One-sentence Summary

Researchers from Zhejiang University, Meituan, and Tsinghua University propose SKILL0, an in-context reinforcement learning framework that internalizes agent skills into model parameters via a dynamic curriculum. This approach eliminates runtime retrieval noise and token overhead, enabling efficient zero-shot autonomous behavior with significant performance gains on agentic benchmarks.

Key Contributions

  • The paper introduces SKILL0, an in-context reinforcement learning framework that formulates skill internalization as an explicit training objective to transition agents from context-dependent execution to fully autonomous zero-shot behavior.
  • A Dynamic Curriculum mechanism is presented to evaluate the on-policy helpfulness of each skill file, adaptively withdrawing guidance only when the current policy no longer benefits until the agent operates without any external skill context.
  • Extensive experiments on ALFWorld and Search-QA demonstrate that the method achieves substantial performance improvements over standard RL baselines while maintaining an efficient context of fewer than 0.5k tokens per step.

Introduction

Large Language Model agents currently rely on inference-time skill augmentation, where structured behavioral primitives are retrieved and injected into the prompt to guide complex tasks.
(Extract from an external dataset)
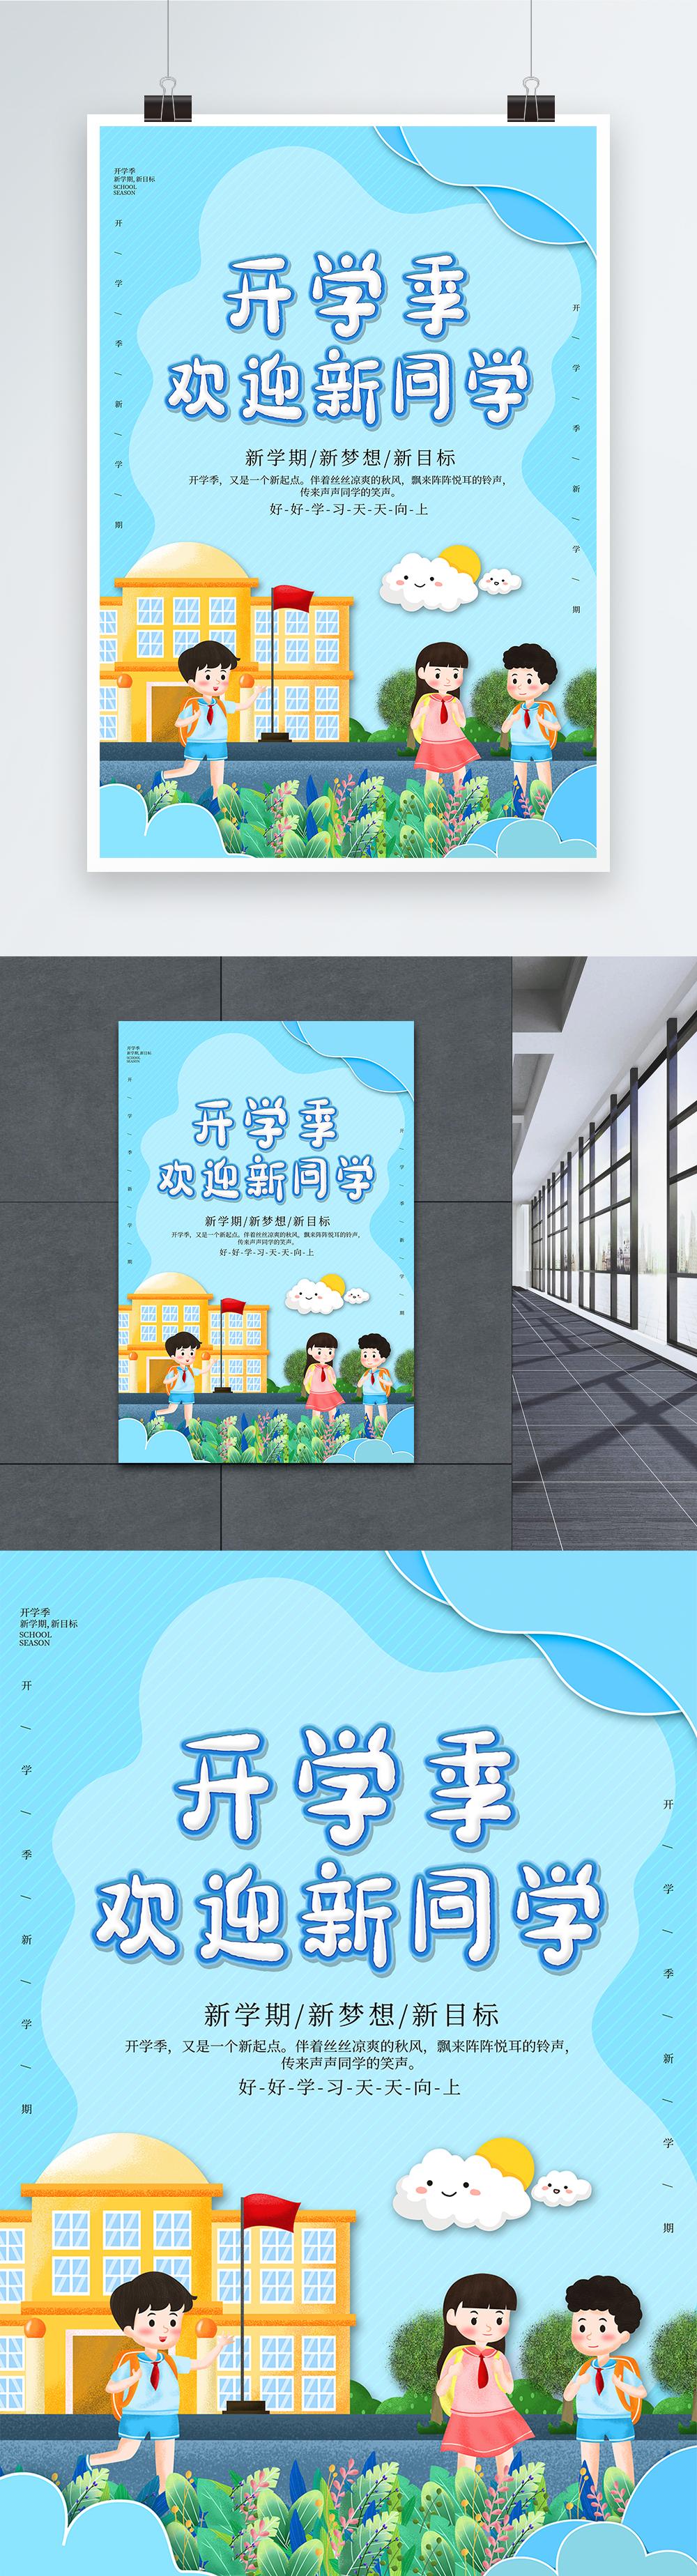 Poster Promosi Lucu Musim Sekolah Kuning Muda Gambar Unduh Gratis Templat 727115128 Format Gambar Ai Lovepik Com

While effective, this approach suffers from retrieval noise that corrupts context, significant token overhead that limits scalability, and a fundamental dependency where competence resides in the prompt rather than the model itself. The authors propose SKILL0, the first reinforcement learning framework designed to internalize these skills directly into model parameters so that agents operate autonomously without external guidance at inference. They achieve this through In-Context Reinforcement Learning, which provides skill scaffolding during training rollouts and systematically removes it via a Dynamic Curriculum that withdraws support only when the policy no longer benefits from it.

Dataset

  • Dataset Composition and Sources: The authors evaluate their methods on two primary benchmarks: ALFWorld, a text-based game with 3,827 task instances across six household activity categories, and Search-based QA, which aggregates single-hop datasets (NQ, TriviaQA, PopQA) and multi-hop datasets (HotpotQA, 2Wiki, MuSiQue, Bamboogle).

  • Training Data Selection and Splitting: For ALFWorld, the training data follows the split from GiGPO, while Search-QA training draws specifically from NQ and HotpotQA to serve as in-domain data, leaving the remaining QA datasets for out-of-domain evaluation.

  • Training Configuration and Mixture: The Qwen2.5-VL series is trained for up to 180 steps using 4 H800 GPUs. The ALFWorld setup samples 16 tasks with 8 rollouts per prompt and a maximum length of 3,072 tokens, whereas the Search-QA setup samples 128 tasks per batch with a maximum length of 4,096 tokens.

  • Visual Context and Rendering Strategy: The authors construct visual context by rendering text in a monospace font with specific sizing and width constraints (10pt/392px for ALFWorld, 12pt/560px for Search-QA). They apply a semantic color coding scheme where task instructions appear in black, observations in blue, and actions or search queries in red to help the vision encoder distinguish between states, actions, and retrieved content.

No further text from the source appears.